With regard to the imbalance between supply and demand caused by the boom in AI investment, he expects this pressure to subside over time. Williams said, “As more supply comes online, the imbalance between supply and demand caused by AI-related investments should gradually ease, but there is still a high degree of uncertainty about the scale and duration of the imbalance.”

In terms of the economy and employment, Williams expects the US economy to grow by 2% to 2.25% this year. The labor market is showing signs of resilience and stability, with the unemployment rate falling “very slowly” from 4.2% today to 4% in 2028.

Williams' moderate statement contrasts with the latest inflation data and internal differences within the Federal Reserve. The US consumer price index for June, which was announced the day before, unexpectedly fell 0.4% month-on-month, and the year-on-year increase fell to 3.5%, mainly driven by falling energy prices.

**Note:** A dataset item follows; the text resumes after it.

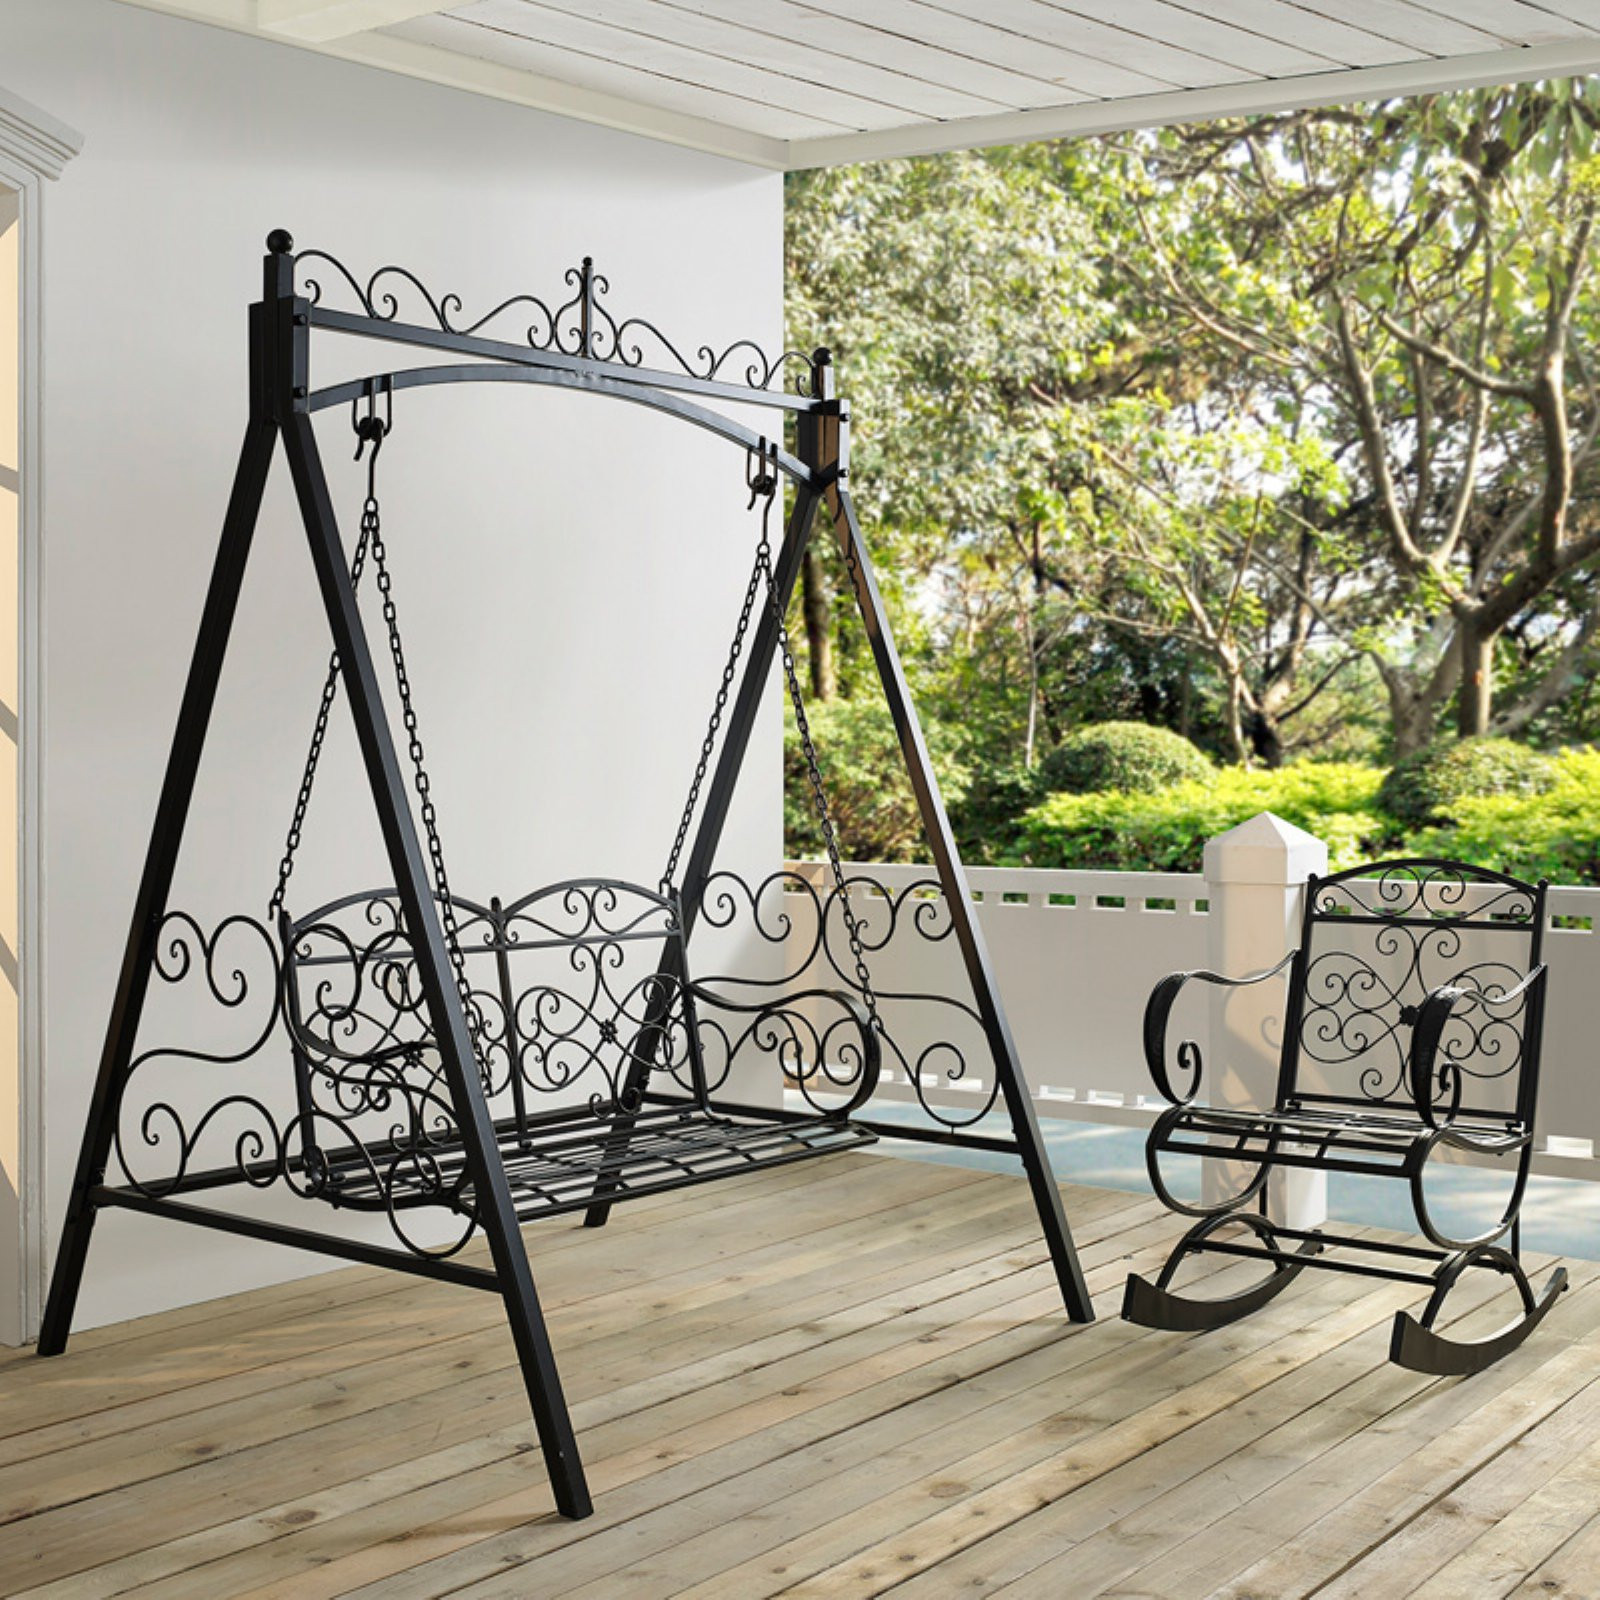 Best ideas about Outdoor Porch Swing
. Save or Pin Coral Coast Ridgecrest 4 ft Metal Outdoor Porch Swing and Now.

However, Federal Reserve Chairman Kevin Walsh made it clear during congressional hearings that this does not mean “the task is complete.” Walsh revealed that the committee will have a “good internal debate” on the extent and timing of the use of tools at the July 28-29 meeting.

In fact, policymakers' views on the path of interest rates are clearly divided. According to the bitmap released last month, half of the 18 officials expected to raise interest rates by at least 25 basis points during the year, and a few officials were inclined to tighten policies even at the last meeting. Earlier this week, Federal Reserve Governor Waller also said that if price pressure continues to spread, the committee may need to raise interest rates further in the short term.

Current interest rate futures market pricing also shows that the Federal Reserve may resume interest rate hikes as early as September. Since December of last year, the federal funds rate target range has remained between 3.50% and 3.75%.

Additionally, it is worth noting that Williams' judgment on energy prices peaking was based on oil prices falling due to the easing of geographical conflicts. However, at the time of his speech, the situation in the Middle East was once again tense, and oil prices and related energy costs had risen again, which also added new variables to the inflation outlook.